### What you need to do
Write out, without any change, the lines in the material below that run from the line with "3D килимки EvaForma" through the line with "Sofa Dreams Ecksofa", both included.

### Data for processing

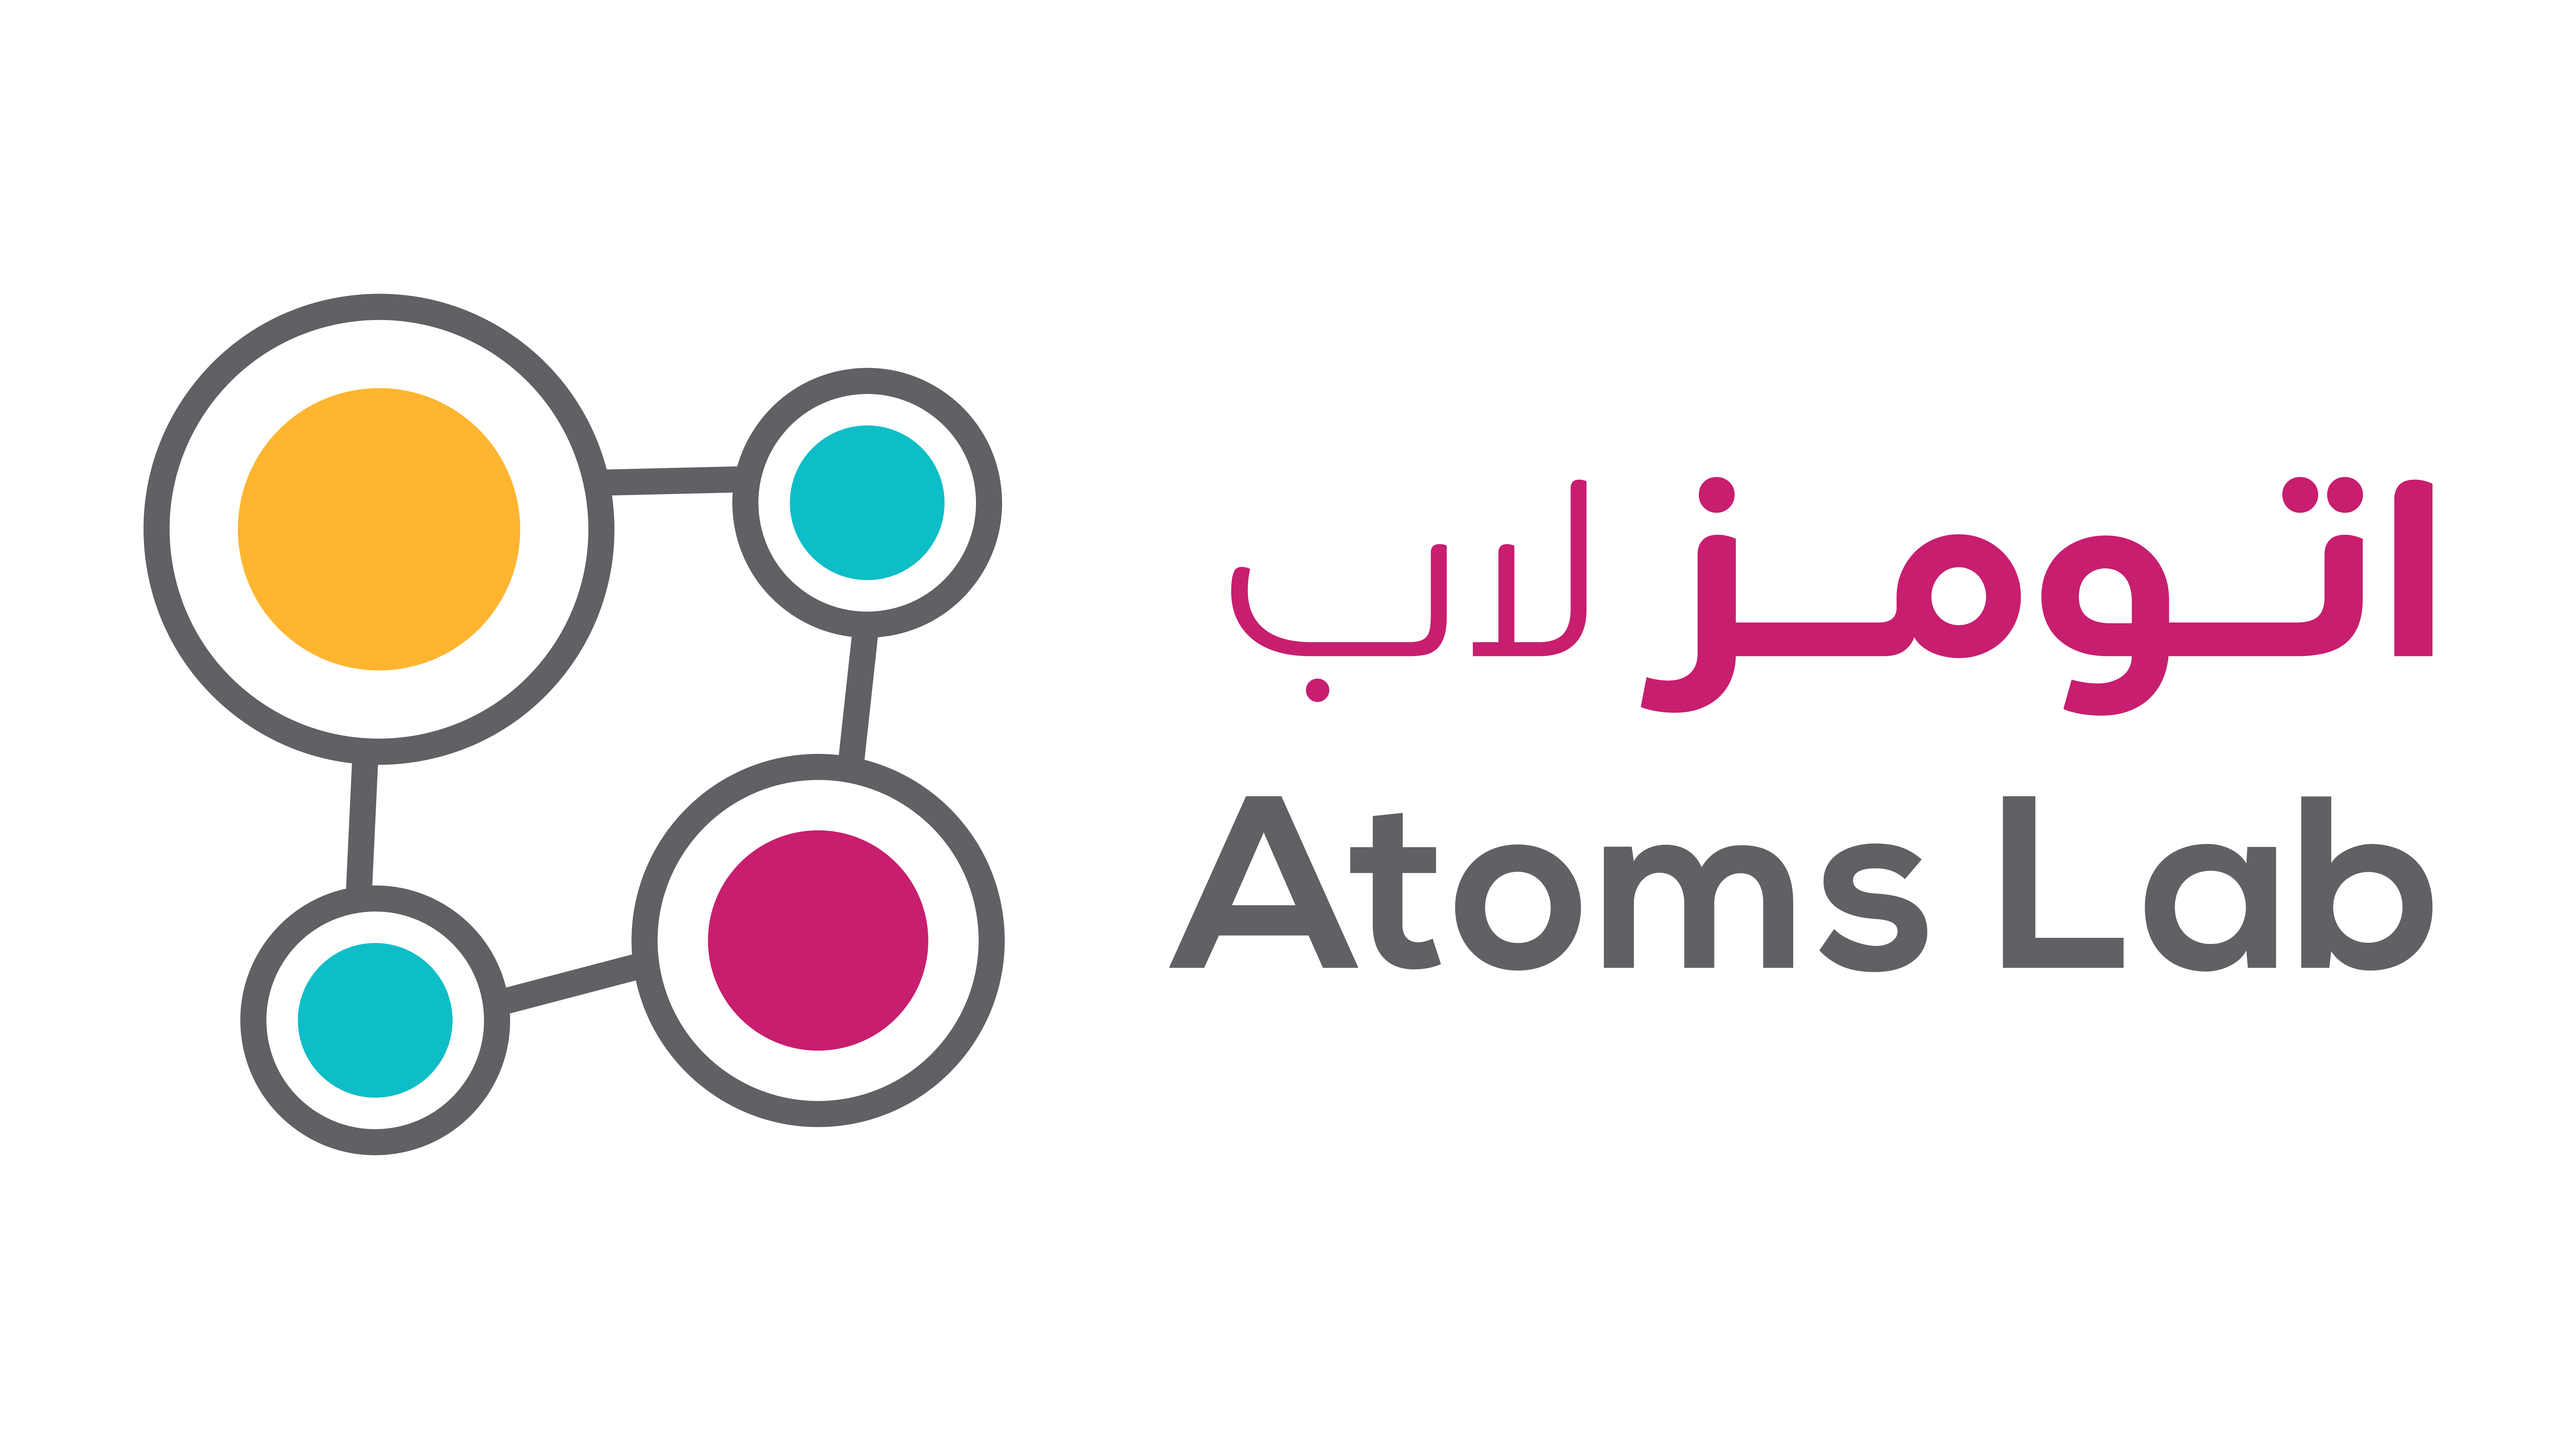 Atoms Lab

--

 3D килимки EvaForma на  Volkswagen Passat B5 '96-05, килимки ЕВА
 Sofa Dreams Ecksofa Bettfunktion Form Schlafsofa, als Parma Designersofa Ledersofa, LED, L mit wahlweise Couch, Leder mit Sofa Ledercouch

### The completed task
 3D килимки EvaForma на  Volkswagen Passat B5 '96-05, килимки ЕВА
 Sofa Dreams Ecksofa Bettfunktion Form Schlafsofa, als Parma Designersofa Ledersofa, LED, L mit wahlweise Couch, Leder mit Sofa Ledercouch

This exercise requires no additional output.